Posted on July 2, 2009

It’s somewhat surprising that the market was down today on the unemployment data given that the accepted meme is that unemployment is a lagging indicator.

On the surface, the “unemployment lagging indicator” meme seems self-evident. Clearly companies don’t start hiring in earnest unless they see improving business conditions. The implication of the meme is simply that unemployment is an effect of a recession, rather than its cause.

However, whenever a meme is so widely accepted and quoted it pays to become skeptical and to question its intellectual basis. As for the “unemployment lagging” meme, the meme, of course, begs the question as to what caused the recession in the first place? It’s when one reflects on the actual cause of our economic troubles that one realizes that this time it may be truly different and maybe the meme is not all it’s cracked up to be. It’s quite possible that during this recession the relationship between unemployment and recovery may reverse.

Housing Fuels Our Economy, but With Rising Unemployment How Will Housing Recover?

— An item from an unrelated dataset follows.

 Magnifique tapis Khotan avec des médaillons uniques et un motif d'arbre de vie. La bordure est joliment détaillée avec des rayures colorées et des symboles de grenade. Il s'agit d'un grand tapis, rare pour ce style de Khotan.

The reason for advocating this position is simply based on the realization that for nearly a decade or more the entire US economy, including Wall Street’s paper economy, had been propelled upwards by a massive housing bubble. However, now that the housing bubble has burst, it’s nearly impossible to see how business conditions can improve substantially if the housing market does not bubble up again. And yet if unemployment is rising, how can housing recover sharply? It simply can’t.

Ipso facto, rising unemployment indicates only one thing: Housing will remain depressed for a long time and therefore there can be no significant economic recovery. So paradoxically, rising unemployment is perhaps a leading indicator this time around, since it’s a sign that housing will remain depressed, and our economic problems are far from over.

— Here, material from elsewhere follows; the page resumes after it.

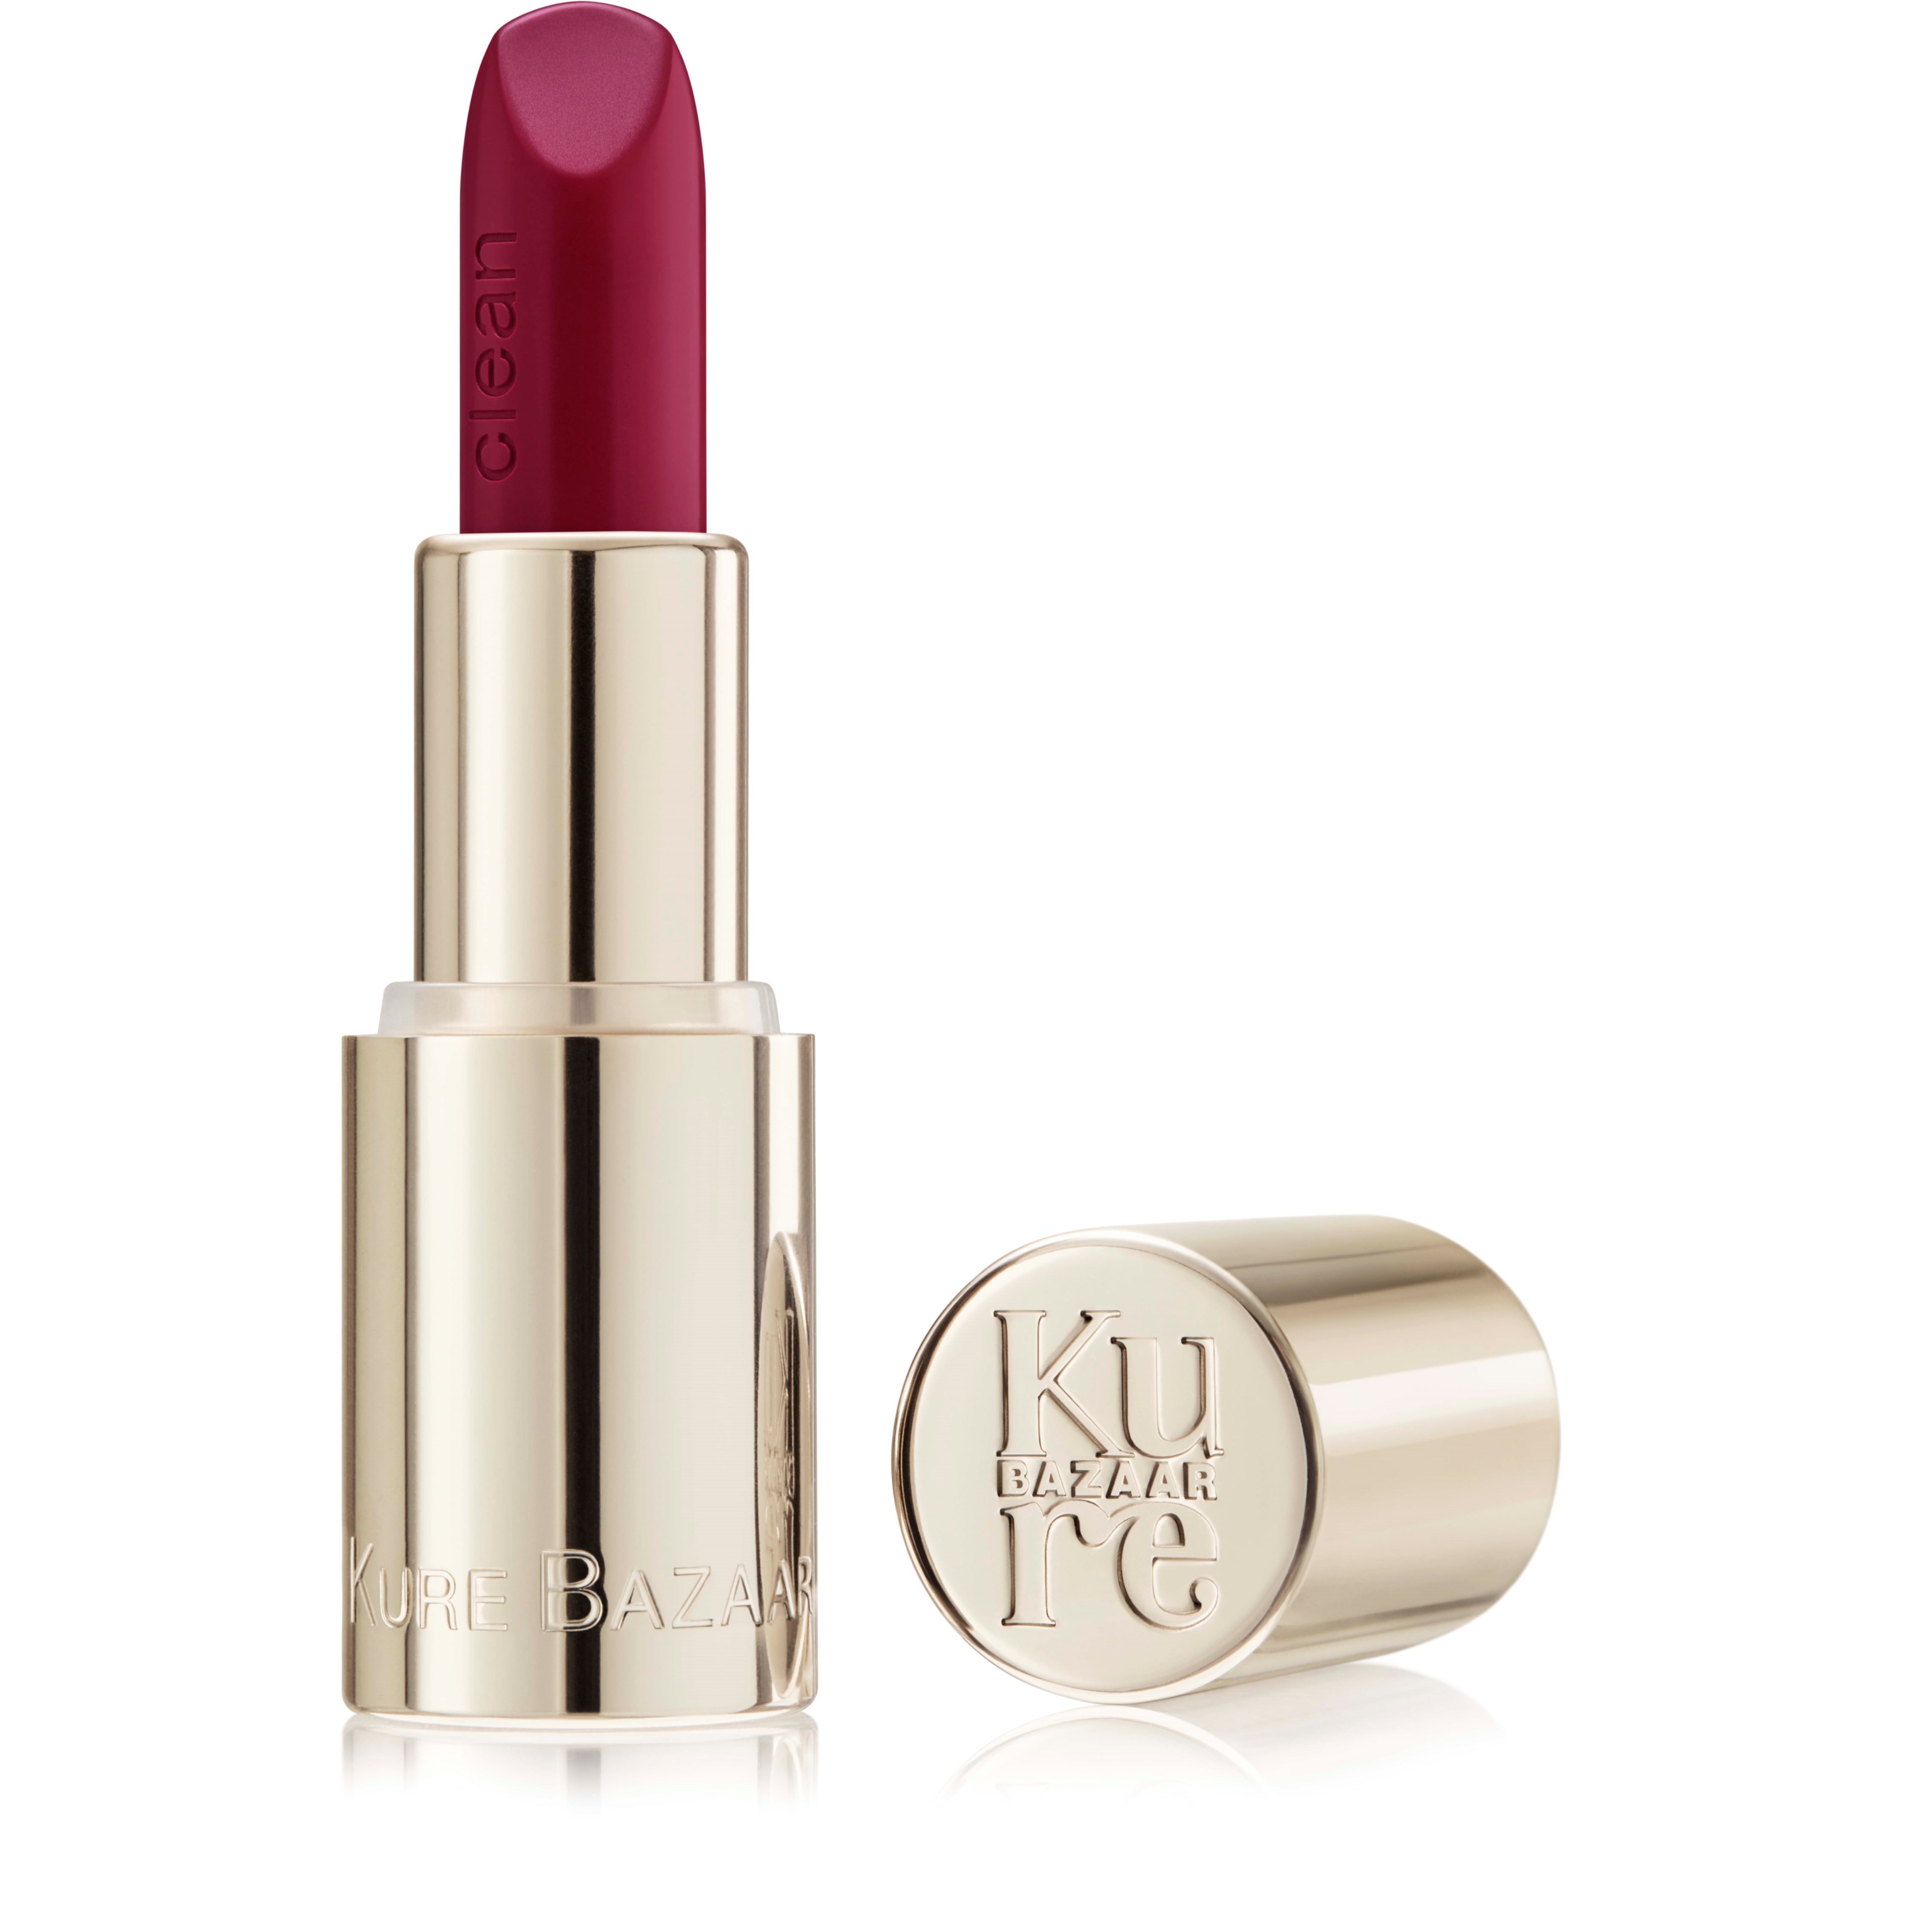 Läs mer om Kure Bazaar Matte lipstick September

Perhaps the only way to get the economy to recover without a new housing bubble, would be to generate economic growth in other economic sectors in an attempt to make up for the losses in the “housing” economy. This, however, will prove difficult given the sheer size of the “housing” economy and its broad social reach.

Moreover, the government still seems oddly intent on propping up the financial/paper economy, as opposed to launching large enough programs to soften the blow in the production/real economy. Unfortunately, 99.9% of the country gets absolutely no benefit from the trillion dollar bailouts of mega financial institutions, and are actually harmed financially by these asinine bailouts (i.e. higher taxes will be needed to support the trillions the Fed continues to print to keep mega financials on life support and to buy their garbage assets).

Stable financial markets are absolutely no help in driving a sustainable economic recovery, since so few see the fruits of renewed speculative fervor in financial instruments. Interestingly one wonders why the government still believes that funneling money into the likes of Goldman Sachs via a wide variety of conduits, backstops and asset purchase programs, so that they can award their average employee $700K in annual salary, represents an intelligent solution to our economic troubles.